Grace and peace are twins. Where there is grace, there is also peace. Paul says, “Therefore, since we have been justified through faith, we have peace with God through our Lord Jesus Christ” (Rom. 5:1). He also says, “Do not be anxious about anything, but in everything, by prayer and petition, with thanksgiving, present your requests to God. And the peace of God, which transcends all understanding, will guard your hearts and your minds in Christ Jesus” (Phil. 4:6–7).

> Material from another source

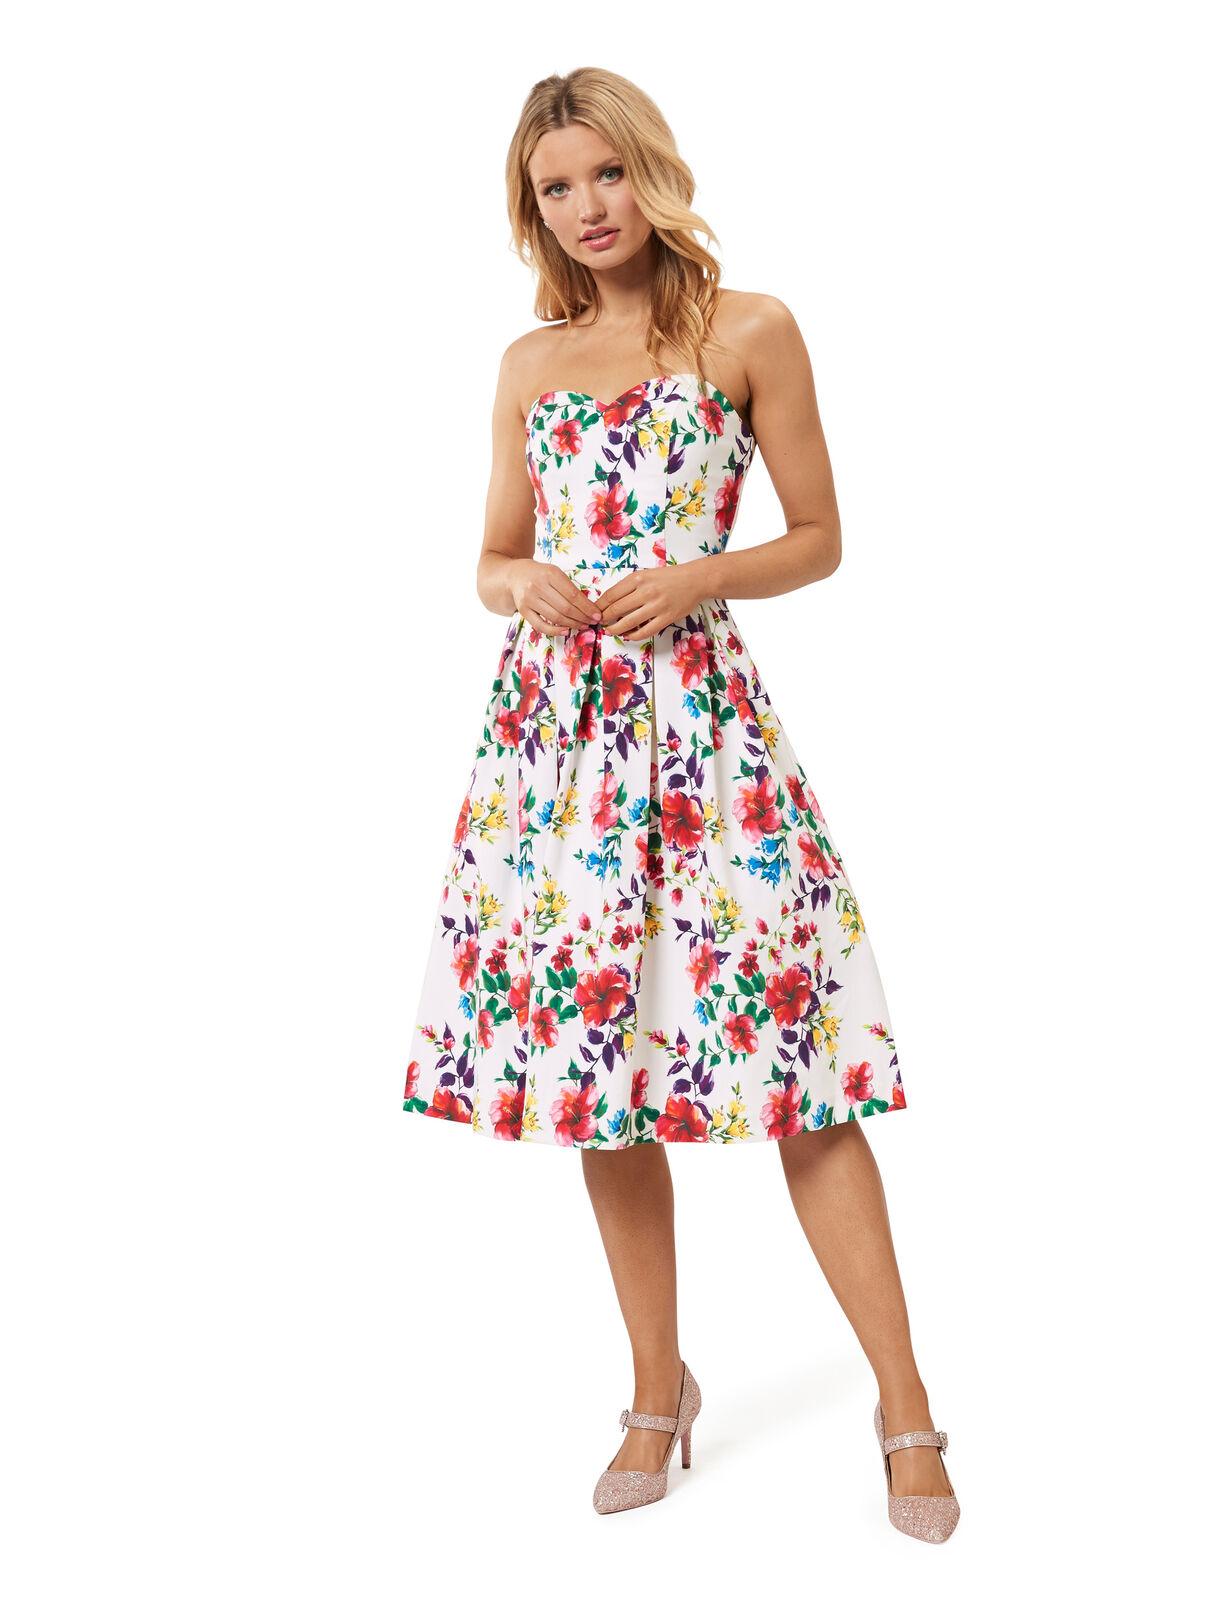 POP DRESS | Dresses, Fashion, Black dress
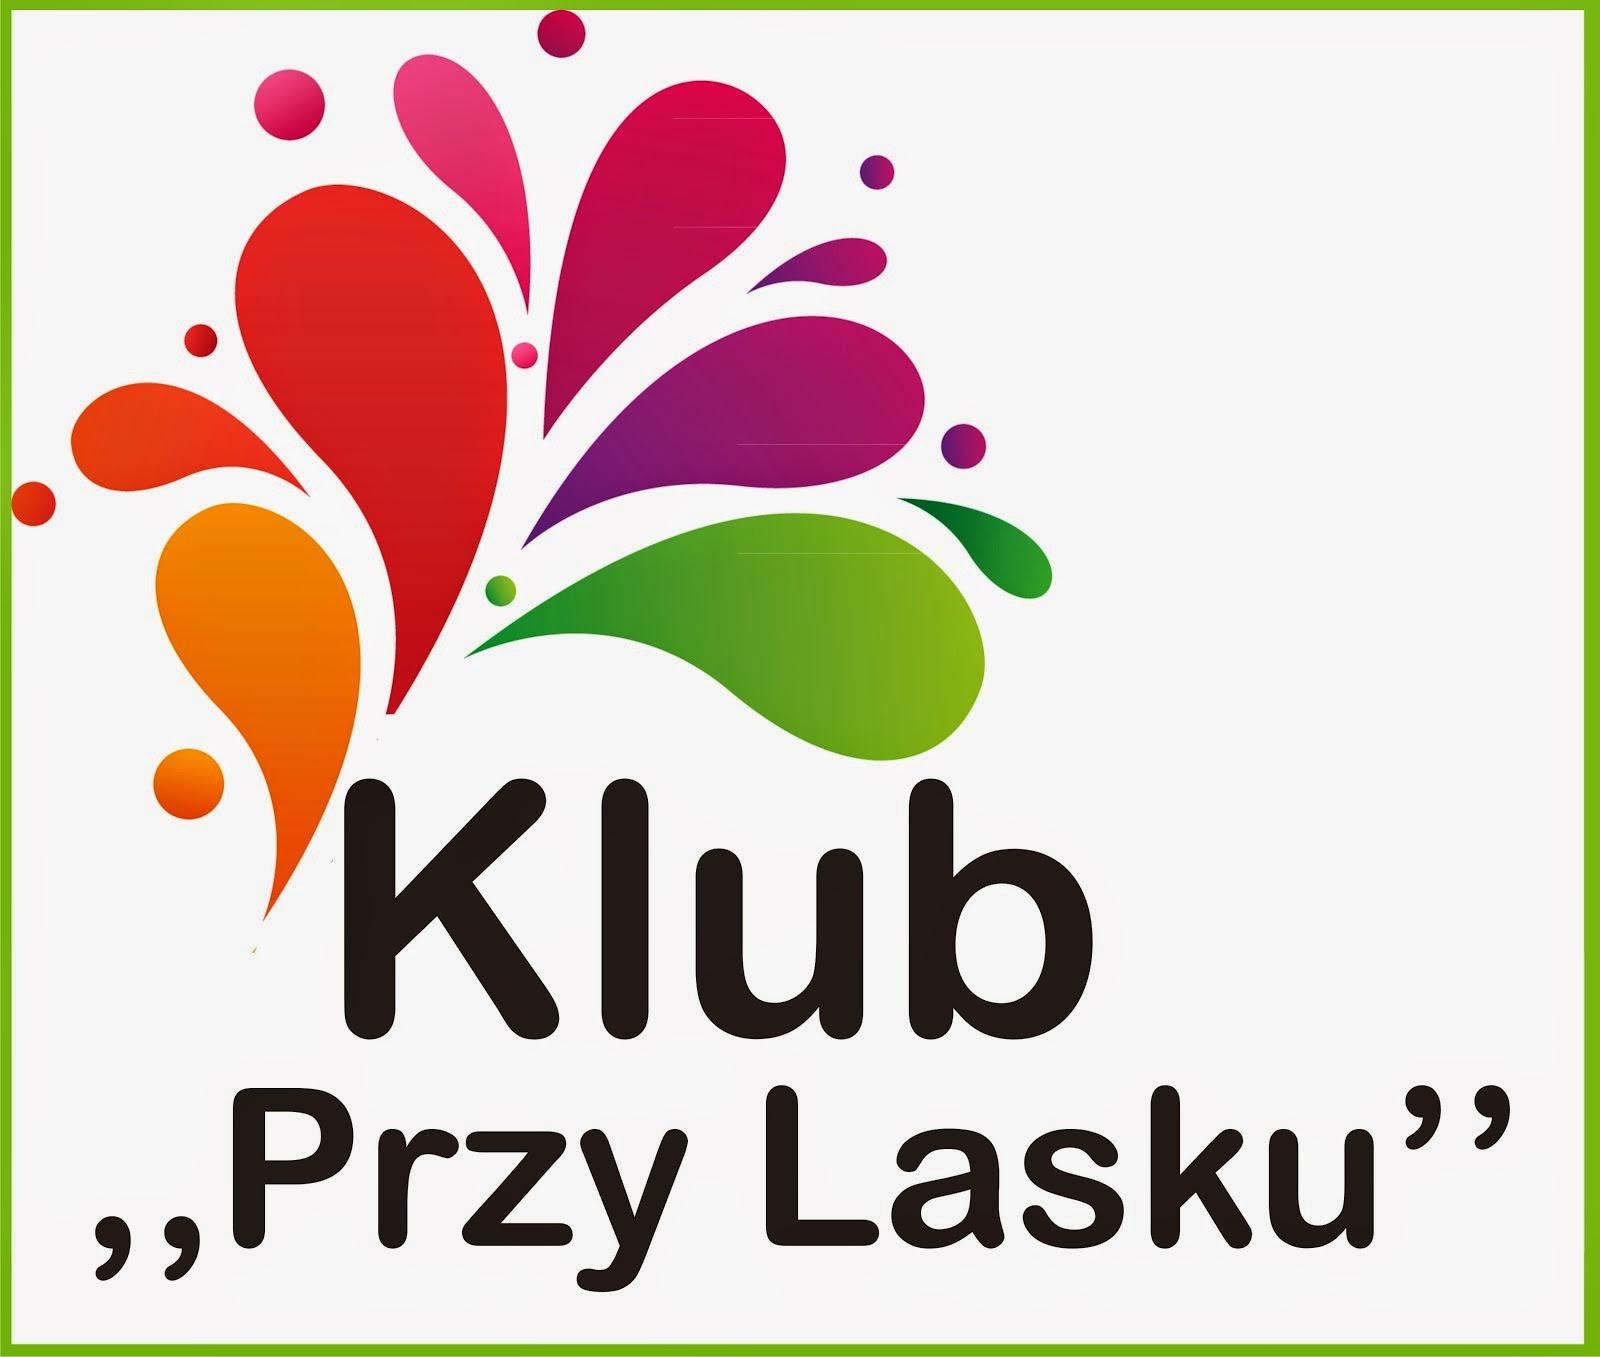 e-mail: justna.bazylewicz@gmail.com

Christ achieved peace for the elect by his atoning death on the cross. Christ is our peace. By his propitiatory death, the wrath of God was taken away and now the Father is gracious toward us. He gives peace to all who approach him in the name of his Son. Grace signifies God’s love in action in Christ to deal with our enmity of sin against God. Our Father did not spare his beloved Son from the death of the cross to spare us, his beloved Isaacs, from eternal death. So in Christ we receive grace and peace to meet our every need as we sojourn in this sinful world. In place of the wrath we deserved, we have received grace and peace that we never deserved. We have received both peace with God and the peace of God.

Consider the words of Jesus: “Peace I leave with you; my peace I give you. I do not give to you as the world gives. Do not let your hearts be troubled and do not be afraid. . . . I have told you these things, so that in me you may have peace. In this world you will have trouble. But take heart! I have overcome the world” (John 14:27; 16:33). We have peace in Christ alone, not in anyone else. We have peace at all times, even at the hour of our death.

Paul tells us, “In all these things we are more than conquerors through him who loved us. For I am convinced that neither death nor life, neither angels nor demons, neither the present nor the future, nor any powers, neither height nor depth, nor anything else in all creation, will be able to separate us from the love of God that is in Christ Jesus our Lord” (Rom. 8:37–39). We are more than conquerors in and through Jesus Christ.

In his commentary on 1 Peter, Professor Edmund Clowney gave the following example of grace and peace:

 

Armando Valladares closes his account of twenty-two years in Castro’s prisons in Cuba with these words, recalling his thoughts as he was released: “And in the midst of that apocalyptic vision of the most dreadful and horrifying moments of my life, in the midst of the gray, ashy dust and the orgy of beatings and blood, prisoners beaten to the ground, a man emerged, the skeletal figure of a man wasted by hunger, with white hair, blazing blue eyes, and a heart overflowing with love, raising his arms to the invisible heaven and pleading for mercy for his executioners. ‘Forgive them, Father, for they know not what they do.’ And a burst of machine-gun fire [followed], ripping open his breast.”[2]

That is what grace is all about. May God’s grace and mercy be multiplied to us as we live as sojourners, scattered throughout the world. May God help us to believe his word and be strengthened by the Father, the Son, and the Holy Spirit for any fiery trial we may experience.

 

[1] A phrase used by Professor John Murray. See “The Father’s Donation,” Collected Writings of John Murray, vol. 3 (Edinburgh: Banner of Truth, 1982), 204–209.

[2] Edmund Clowney, The Message of 1 Peter, The Bible Speaks Today series (Downers Grove, IL: InterVarsity, 1988), 25.